1. wikipedia der ki, (açabilene)

    gini, bir sıklık dağılımının eşitsizlik miktarı değerlerini ölçer.

    bakın bu katsayı türkiye için de dünya için de çok önemlidir. özellikle günümüzde en dikkate değer olması gereken analiz budur. çünkü kazanda kaynayan kurbağa misali, ekonomik makasın açılıyor olması tek gerçek veridir. demek istediğim şey şu, ekonomik kriz olabilir diyor birisi, çünkü durumlar malum, hayat pahalılığı var vs. fakat bunu derken ekonominin hangi tarafında kriz olduğunu ya da olacağını söylemiyor. gini katsayısı ufakken tepede birileri sıkıştığında kriz oldu diyorduk. mesela bankalar krize girerse herkes krize girmiş sayılıyordu. o ona kredi vermiyordu, bu buna inşaat yapamıyordu, malzemeci batıyordu falan filan.

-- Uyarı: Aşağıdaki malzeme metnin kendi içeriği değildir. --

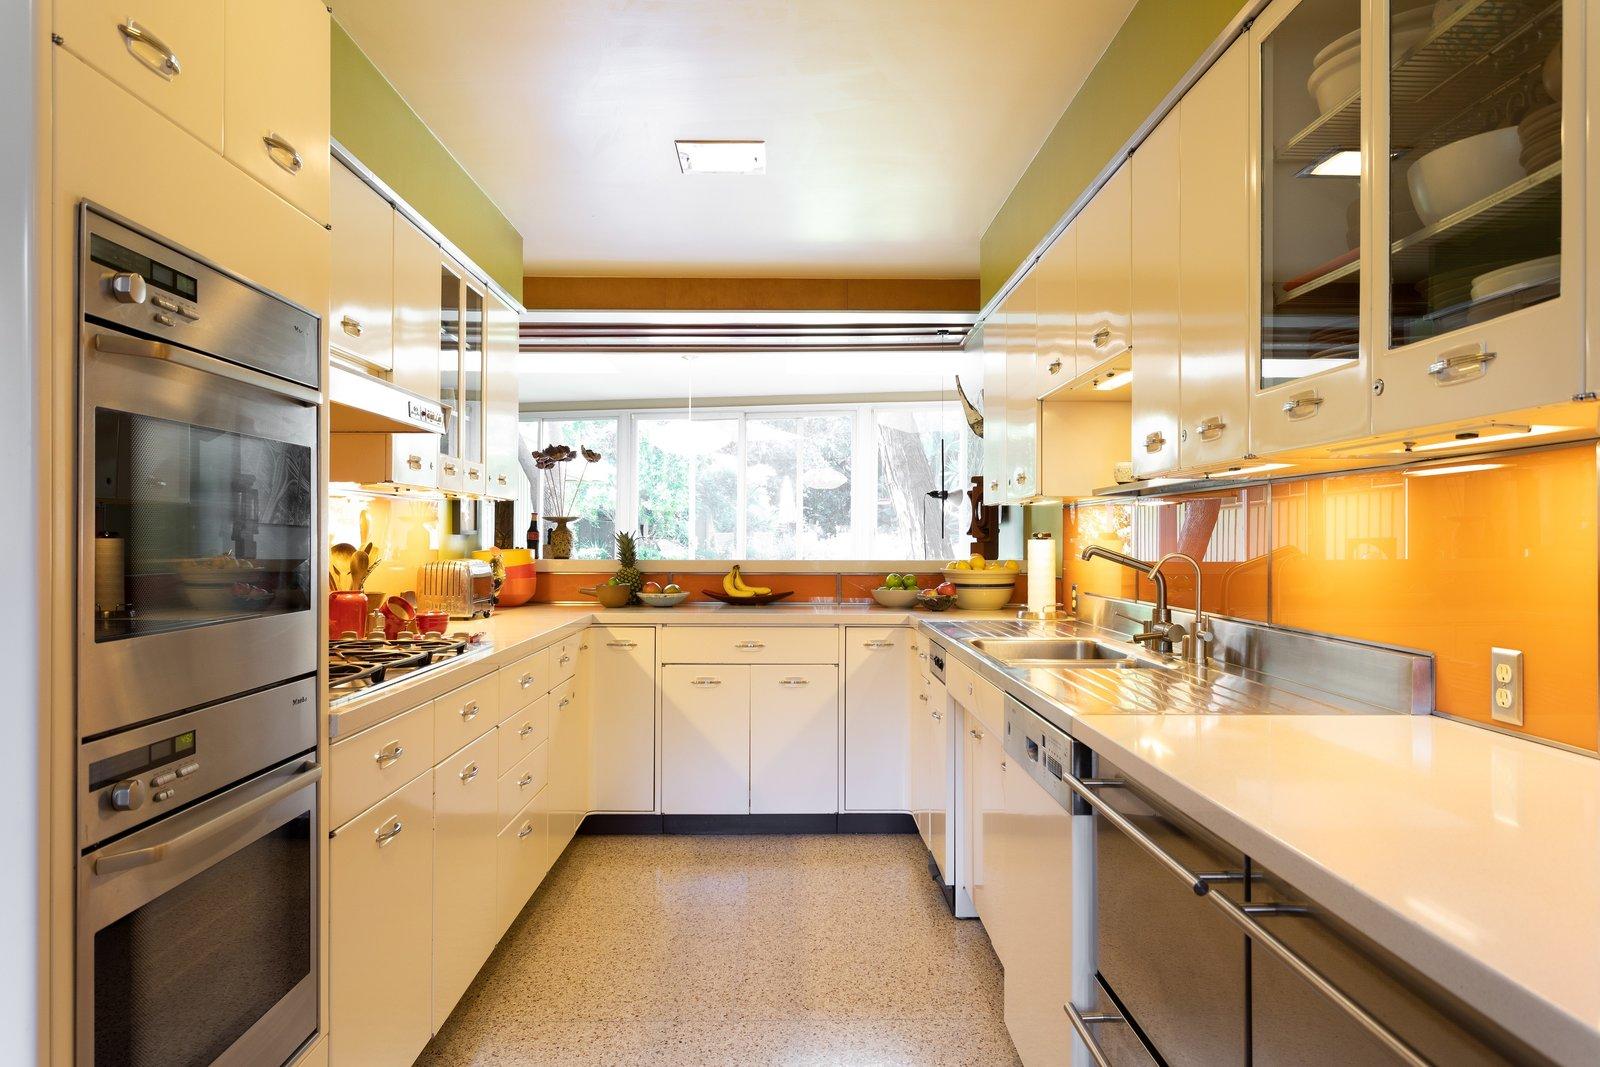 Richard Neutra Wilkins House Case Study House #13  kitchen

    geriye gidelim, konu uzun atlamak zorunda kalıyoruz. 2002'de bireysel kredi miktarı 6 milyar tl civarında idi, 2017 de 500 milyar dolar civarında. eskiden krediyi bireysel değil kurumsal kullanırdık ülkecek. ticari sektörlere bağımlı bir bankacılık, bankacılık durumlarına bağımlı bir ticaret esastı. şimdi ise biz devreye girdik, yani halk. biz hem şirketlere hem de bankalara garanti verdik. ülkedeki kredi borçlusu insan sayısı 40 milyon civarında, yani herkes borçlu, herkes faiz ödüyor. geri kalan yaşlı ve veletler. herkes faiz öderse banka batmaz, herkes kredi çekerse tüccar batmaz. herkes bir kere kredi çekerse üst tabakanın cebi aklınıza gelmeyecek kadar dolar. 40 milyon kişi batarsa kriz olmaz, sosyal statü geriler. çalışma saatleri uzar, sanata edebiyata vakit kalmaz, spor yalan olur, 40 milyon köle çalışır çalışır faiz öder, alışveriş yapar, mülk edinemez, mirası üst tabakaya geçirir. üst tabaka en kötü ihtimalde kardan zarar eder.

    yani gini katsayısı büyüdükçe büyür. 1'e iyice yaklaşır. ülkemizde ve dünyada varolan anlaşılmaz problem ekonomik kriz değil gelir dağılımı eşitsizliğinin gün geçtikçe artmasıdır. kapitalizm, bu sefer köleleri de memnun ve razı etmeyi başarmıştır. batan razı çıkan razı bir durum var.